O grupo de reflexão norte-americano afirma que o calendário da viagem de Biden à Europa sinaliza claramente a continuação do apoio ocidental à Ucrânia após concertação de esforços russos para dissuadir a ajuda militar e o apoio político ocidentais.

O presidente ucraniano Volodymyr Zelenskyy declarou que a Ucrânia continuará a defender Bakhmut mas "não a qualquer custo". Zelenskyy e o Ministro da Defesa ucraniano Oleksii Reznikov também sublinharam que as tropas ucranianas continuam a preparar-se para contra-ofensivas no curto prazo.  Há muito que ficou claro que a Ucrânia não irá continuar a defender Bakhmut se correr o risco de ver um grande número de tropas ucranianas cercadas.

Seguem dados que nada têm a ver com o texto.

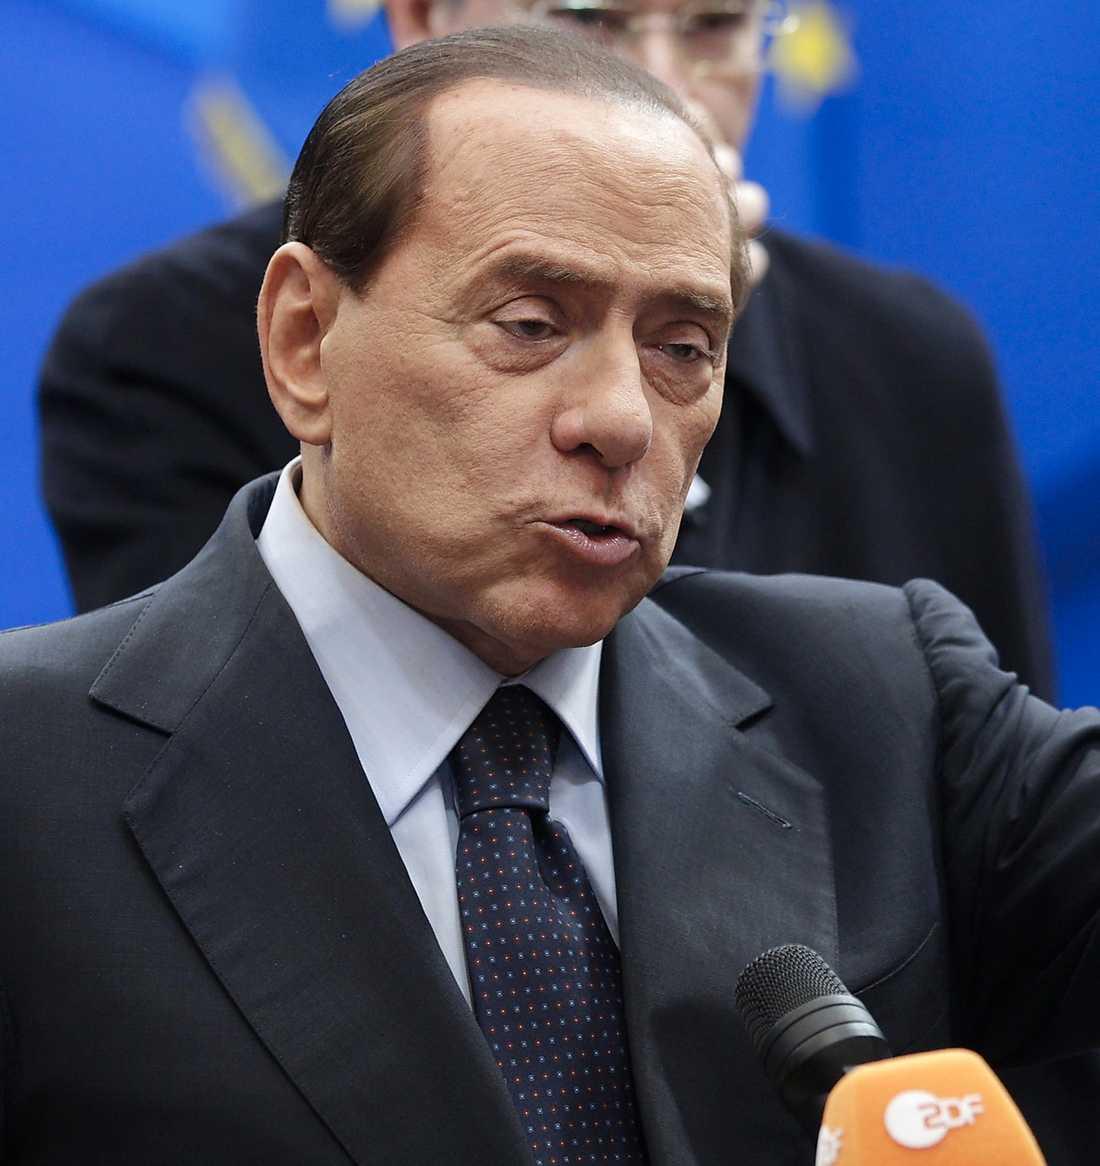 LÄCKTA SAMTAL Nu har avlyssnade telefonsamtal mellan Silvio Berlusconi och tandsköterskan Nicole Minetti läckt ut.

Segundo o Instituto para o Estudo da Guerra o comando militar russo provavelmente cortou o acesso direto de Yevgeny Prigozhin às ogivas de artilharia e ao armamento pesado como parte do esforço de profissionalização das forças convencionais russas, deixando o grupo Wagner com "total falta de munições".

O grupo de reflexão diz: Prigozhin pode ter deturpado o o impacto devastador da falta de munições de artilharia no grupo Wagner para mascarar a verdadeira frustração com a incapacidade de operar os seus próprios sistemas de artilharia.